Shale gas wildcatter will drill Down Under
Post Date: 11 Sep 2015 Viewed: 483
Shale gas wildcatter Aubrey McClendon is buying up large swaths of Australian land to explore for shale oil and gas months after Chevron and ConocoPhillips abandoned unsuccessful drilling projects there.
McClendon's 2-year-old company, American Energy Partners, has struck four separate deals to buy 55 million acres in the McArthur Basin in Australia's Northern Territory and is working to secure another 10 million acres there, according to an internal company memo obtained by the Houston Chronicle.
The combined acreage is roughly 1.5 times the size of Oklahoma, McClendon says in the memo, and about 10 times bigger than the productive portion of the Marcellus and Utica shale plays in Pennsylvania, West Virginia and Ohio. McClendon didn't disclose a price tag for the land in the memo.

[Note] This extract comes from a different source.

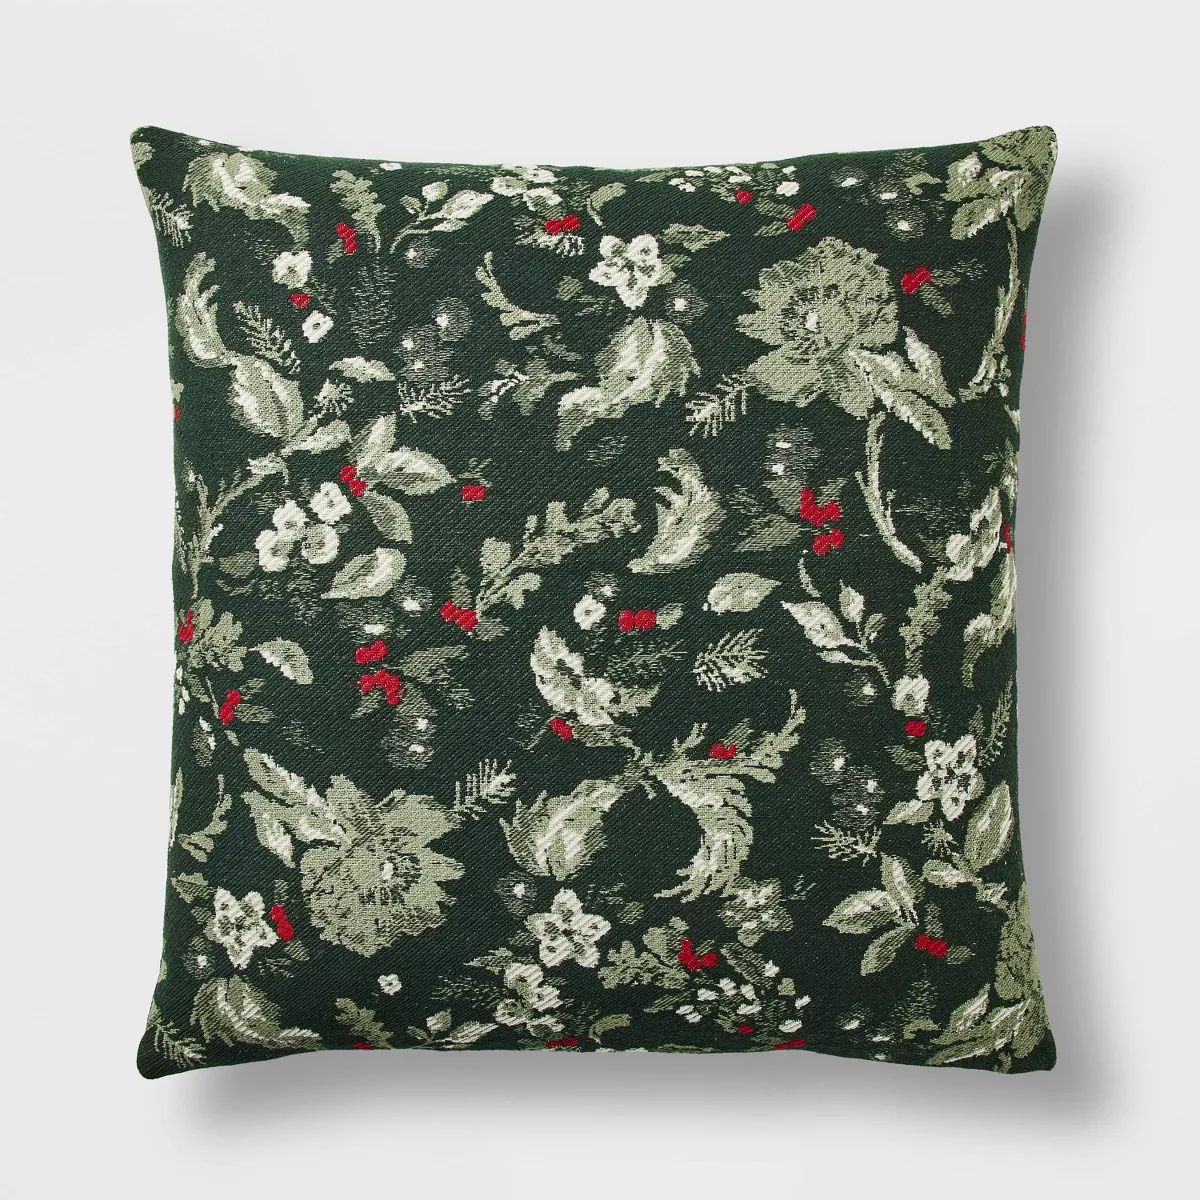 Oversized Printed Floral Throw Pillow - Threshold™ designed with Studio McGee | Target

"The Australian oil and gas community seems very excited about us bringing our world-class resource development capabilities to a country that is resource rich, but to date has not experienced successful large-scale unconventional oil and natural gas resource development," McClendon said.
The sellers include a private company and Australian oil and gas producers Armour Energy and Empire Energy Group. The acreage spans five sub-plays within the McArthur - the Beetaloo, Carpentaria, Glyde, North McArthur and South Nicholson basins.
McClendon said he expects to close the deals later this year or in early 2016, and that the company probably will begin seismic imaging and drilling next year.
Several U.S. shale explorers including Harold Hamm, CEO of Continental Resources, and Scott Sheffield, CEO of Pioneer Natural Resources, have said they're not willing to venture overseas for untapped shale oil and gas because the best shale rock is rare and in most countries it's too expensive to drill.
McClendon, who was ousted as CEO of Chesapeake Energy Corp. in 2013 amid shareholder pressure, has spent hundreds of millions in the past two years building a second oil and gas empire by buying up land in West Texas and in Ohio's Utica Shale.
And last week, McClendon announced that American Energy has struck a deal with Mexico City's EIM Capital to drill into shale rock in Mexico.